Problem to work on:
I'd like the data below restated word for word, with the pictures left out.

Data shown:

■ ■ ■

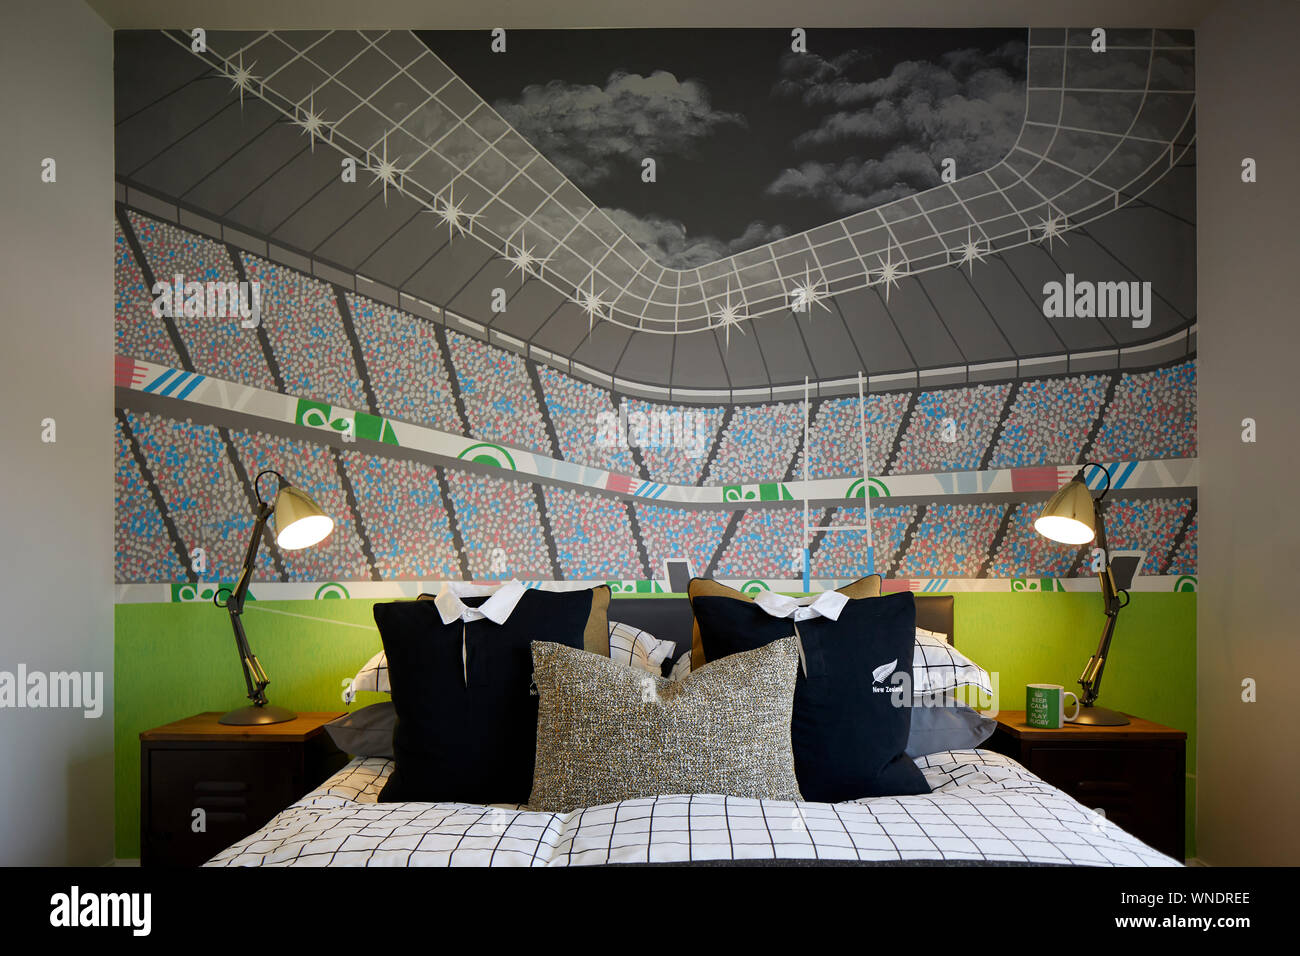 A Boys Bedroom With Stadium Mural Hand Painted With Rugby Pillow Made From Shirts Stock Photo Alamy
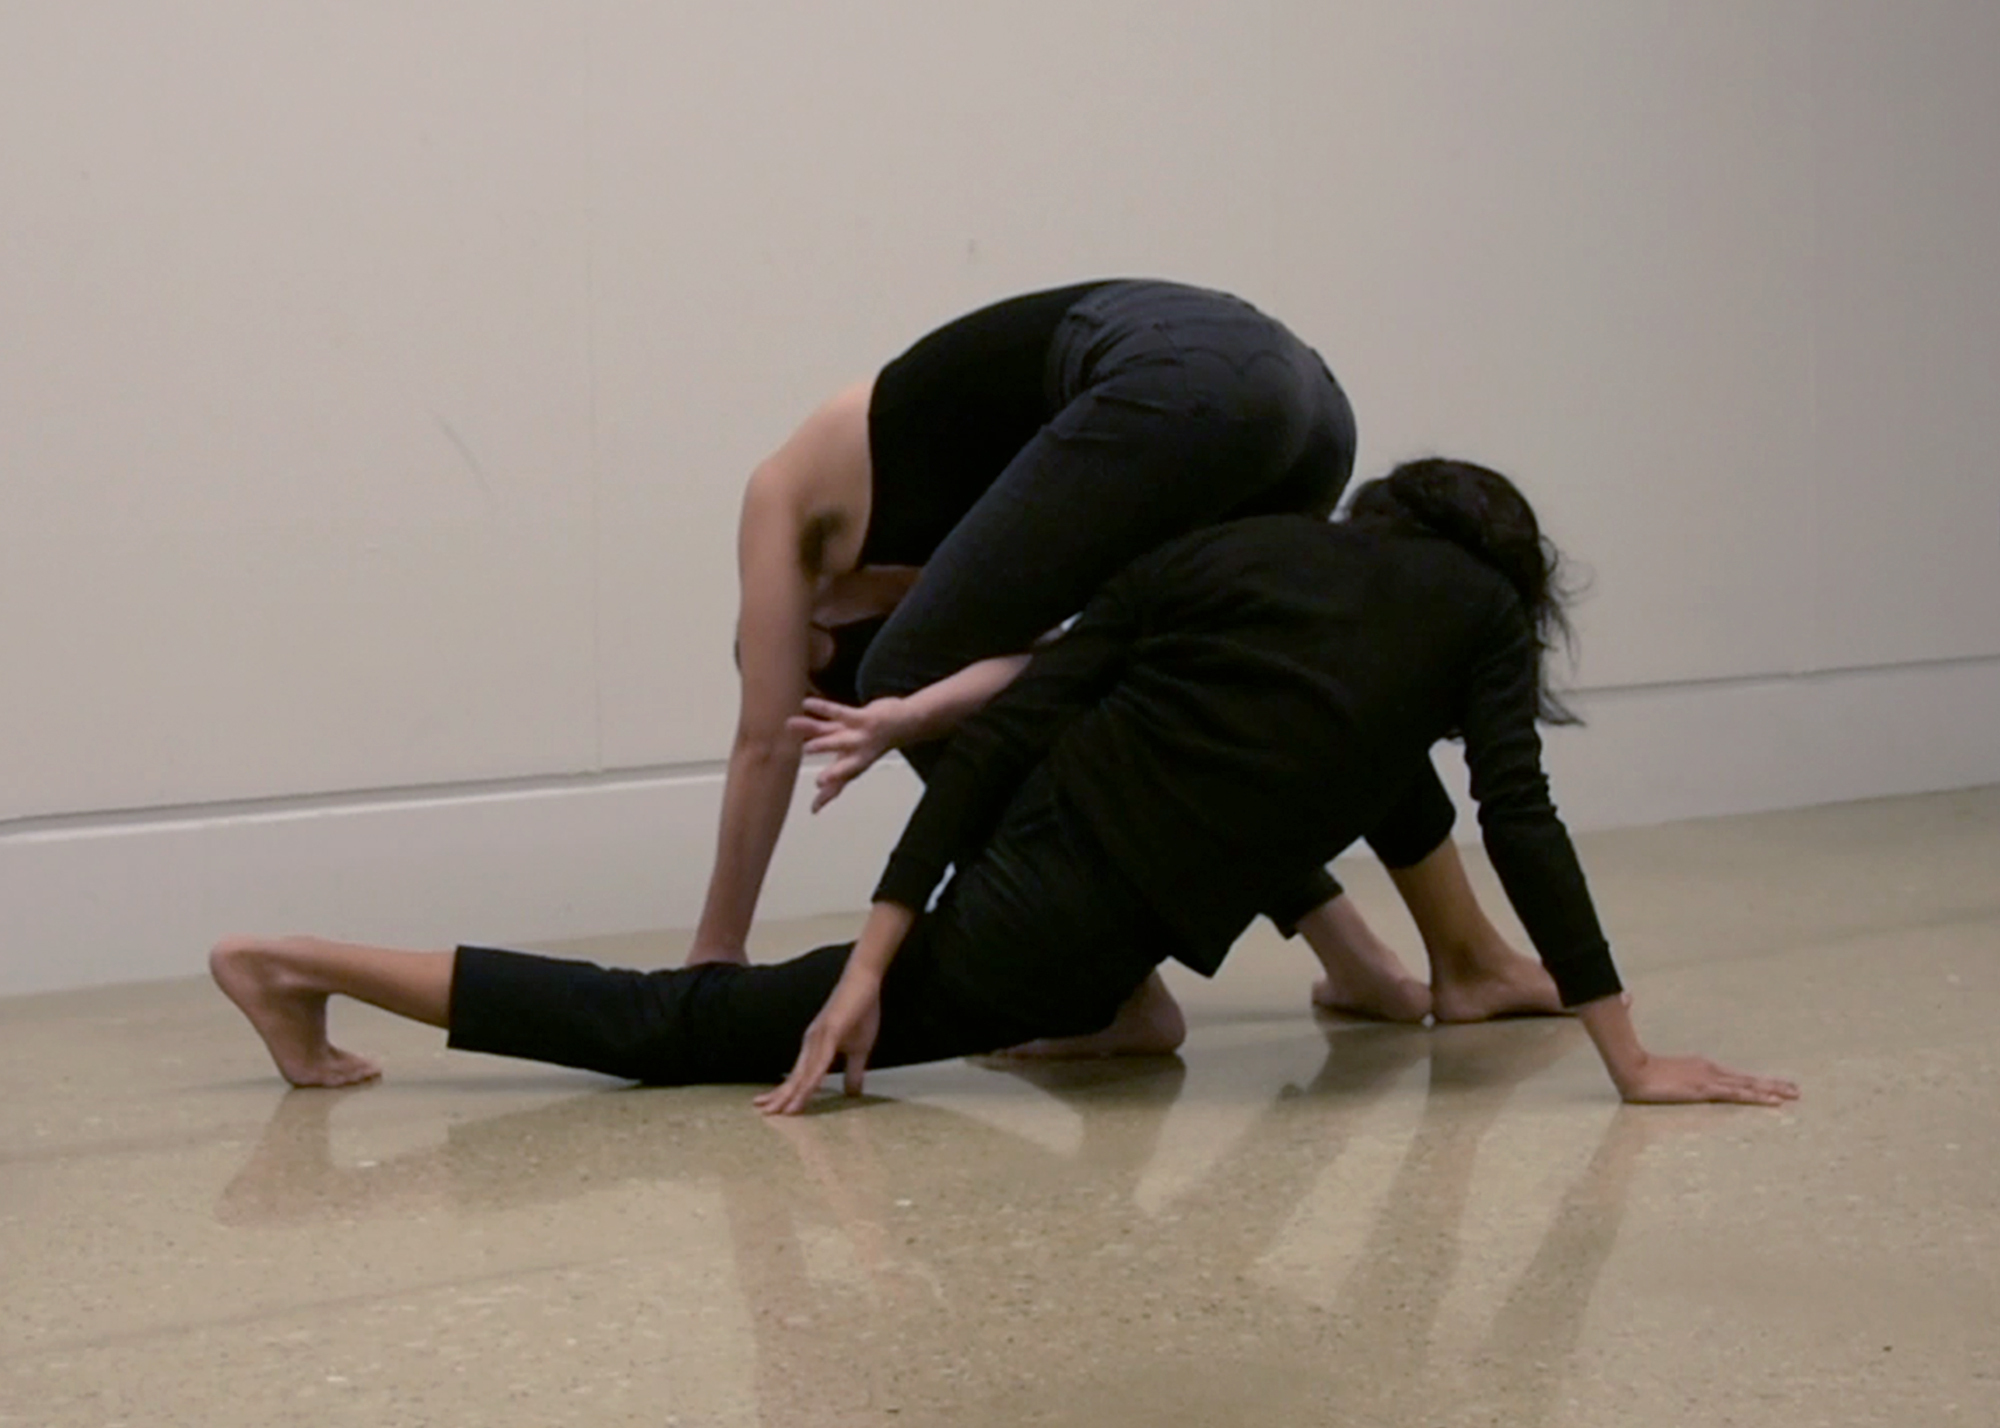 Two people dressed entirely in black entangled with each other. One of them reaches an arm between their legs, the other has all limbs touching the floor.
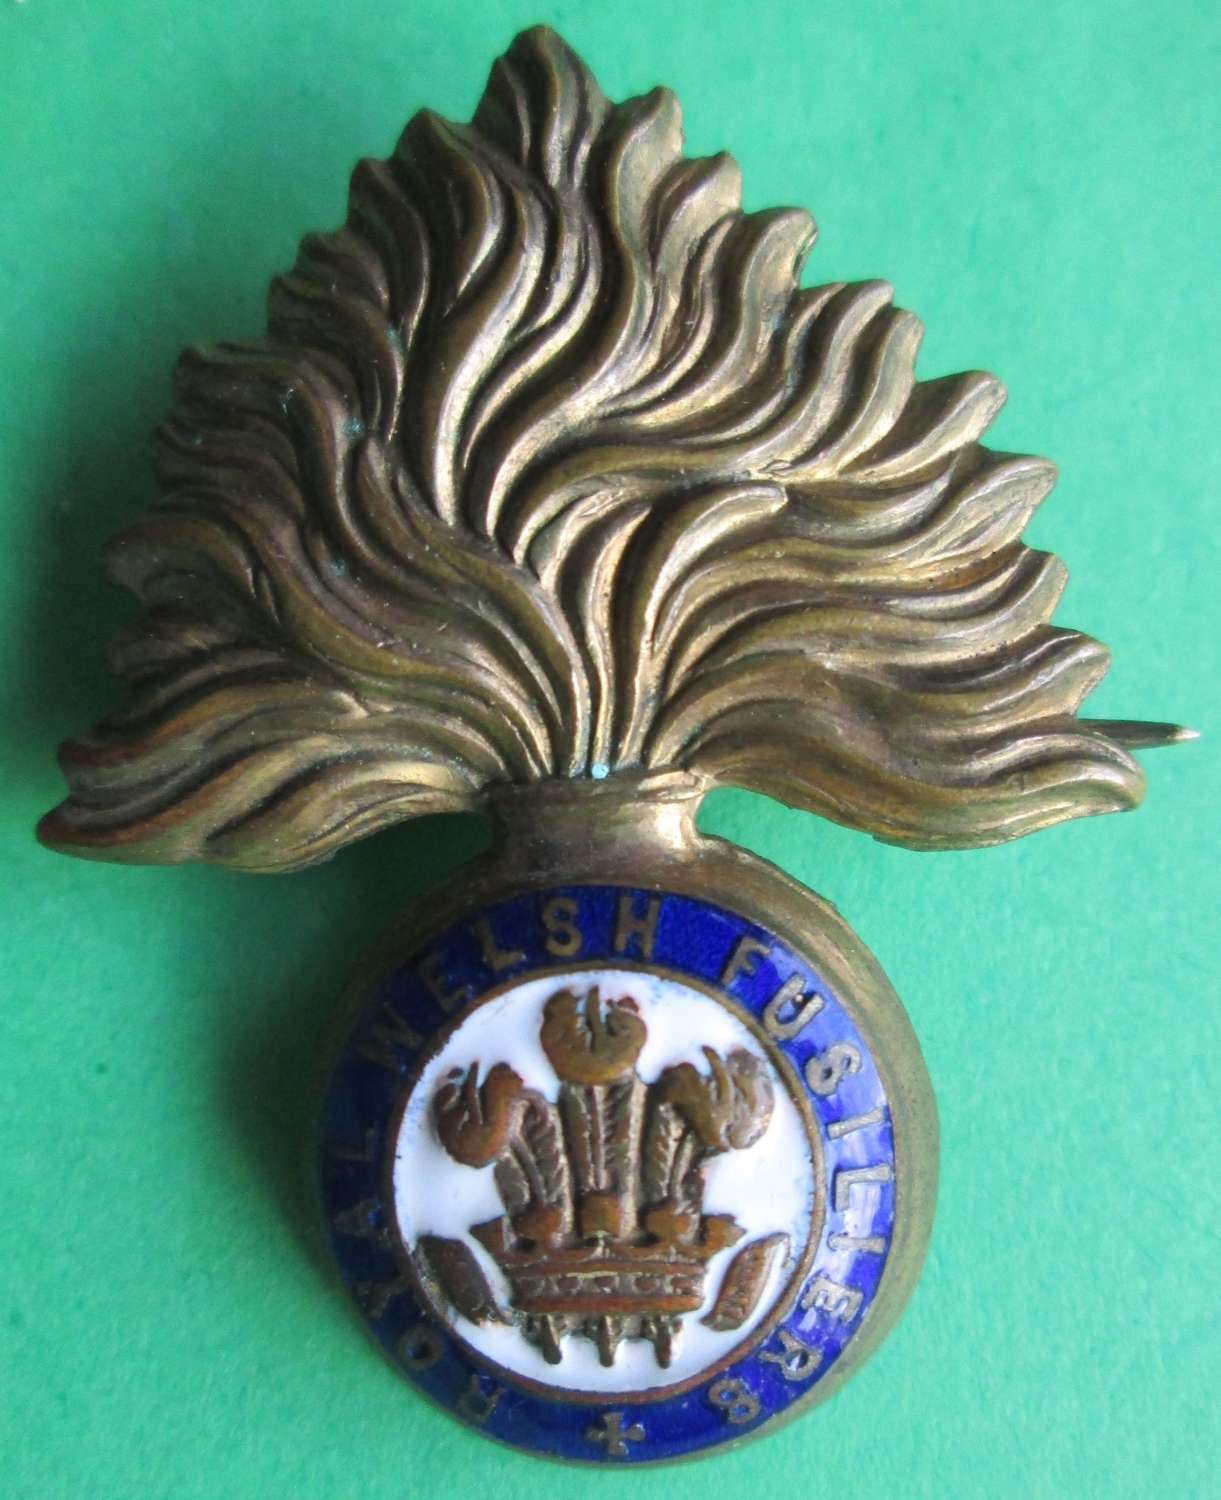 A ROYAL WELSH FUSILIERS SWEETHEART BROOCH

■ ■ ■

Reply:
 A Boys Bedroom With Stadium Mural Hand Painted With Rugby Pillow Made From Shirts Stock Photo Alamy
 Two people dressed entirely in black entangled with each other. One of them reaches an arm between their legs, the other has all limbs touching the floor.
 A ROYAL WELSH FUSILIERS SWEETHEART BROOCH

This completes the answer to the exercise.